Complex heart diseases involve interplay of altered biophysics of cardiac myocytes combined with wave dynamics in cardiac tissue. Therefore, it is imperative to study the effects of various abnormalities on multiple levels (single-cell, 2D tissue and 3D whole heart). We have developed detailed single cell biophysical models of human induced pluripotent stem cells-derived cardiomyocytes (hiPSC-CMs), adult ventricular myocytes and cardiac Purkinje cells. These single cell models, along with two-dimensional tissue models and three-dimensional ventricular models, were used to study mechanisms of ion channel mutations and inherited arrhythmias such as those in Long QT syndrome, Short QT syndrome, and catecholaminergic polymorphic ventricular tachycardia (CPVT). These projects have been supported by Scientist Development Grant by American Heart Association (AHA) (2012-2017) and ongoing NIH grant (2019-2022).
We employ advanced optics methods to stretch biological cells in a microfluidic assembly without any mechanical contact to record and characterize their cytoskeletal elasticity. An on-chip dual-beam optical tweezer setup is used to trap and stretch the cells flowing through a microfluidic channel. Our experiments showed distinct stretching curves for different cell types. Specifically, based on distinct cytoskeletal stretching properties, it is possible to identify breast cancer cells even before any morphological changes begin to manifest. For reliably identifying cancer cells, the optical microfluidic setup will be extended to accommodate Surface Enhanced Raman Spectroscopy (SERS) to characterize the cell-membrane-bound proteins in biological samples. The SERS substrate will be functionalized to identify early biomarkers of breast cancer such as human epidermal growth factor receptor 2 (HER2). This research has been funded by two NSF grants.

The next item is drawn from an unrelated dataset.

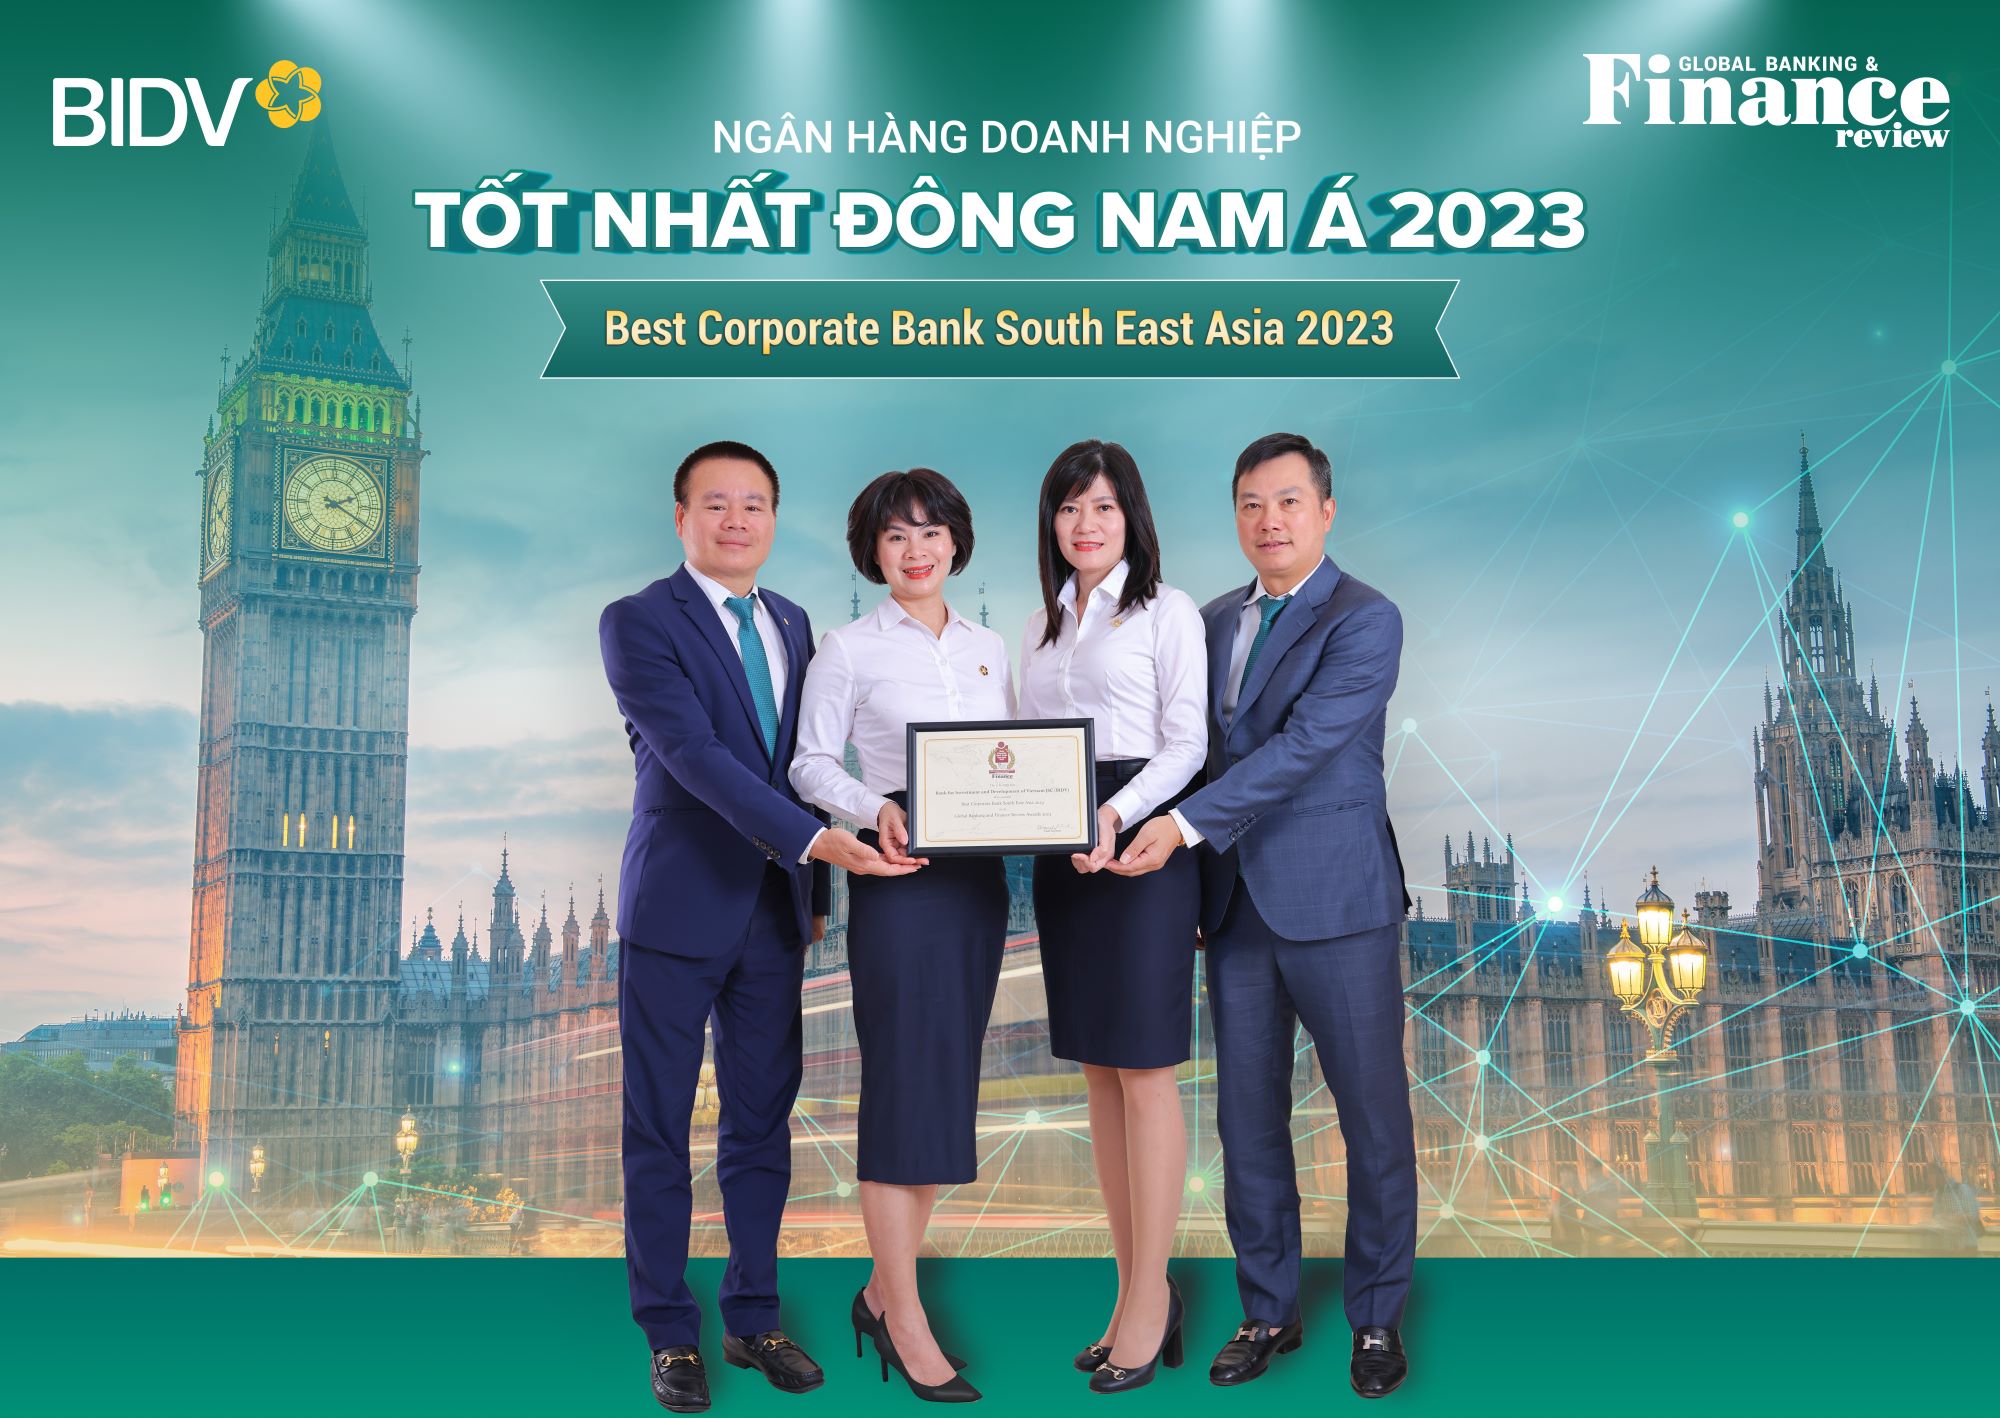 Đại diện BIDV nhận giải thưởng “Ngân hàng Doanh nghiệp tốt nhất Đông Nam Á năm 2023”.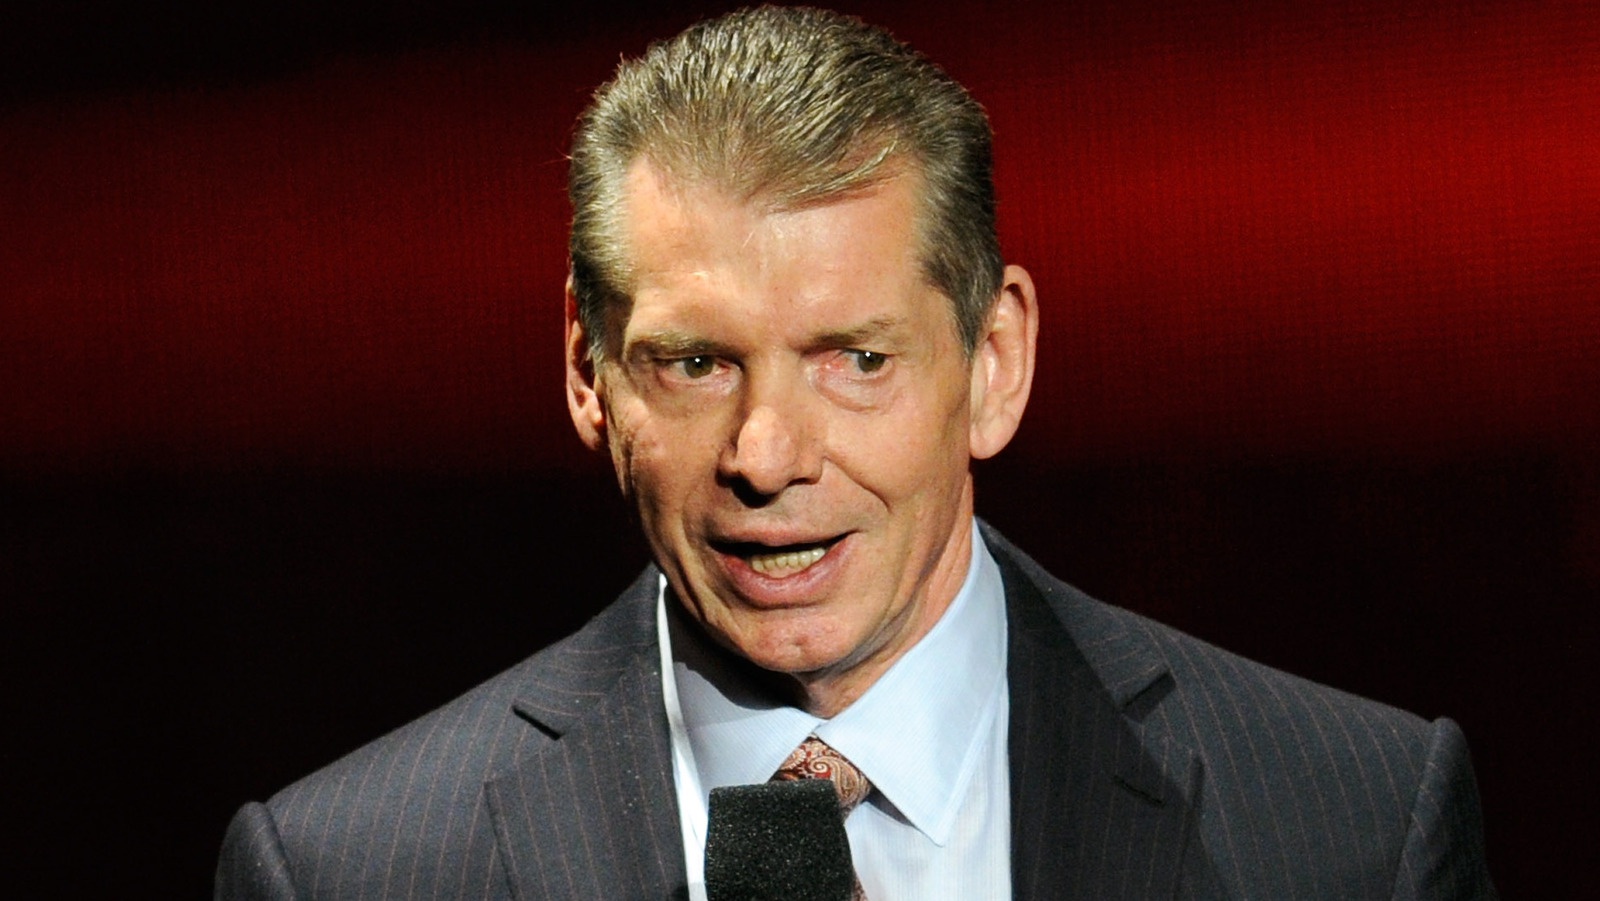 La leyenda de la lucha libre dice que Vince McMahon quería que usara un nuevo nombre y finalizador

Machine learning and AI methods are being increasingly used to accurately learn complex data patterns and automate analytical model development. We use AI methods such as Artificial Neural Networks, and deep learning networks to facilitate accurate breast cancer tumor identification from histology images, perform underwater obstacle identification for underwater swarm robots and other image-based classification/prediction problems. A genetic algorithm-based hyperparameter optimization algorithm was developed to achieve optimal deep network for each dataset. The deep leaning-based algorithm is also being designed to identify disease progression in Atrial Fibrillation patients and their responsiveness to drug treatment. Deep neural networks are designed to automatically detect and classify faults/defects in semiconductor chips and printer circuit boards (funded by Virginia Microelectronics Consortium-VMEC).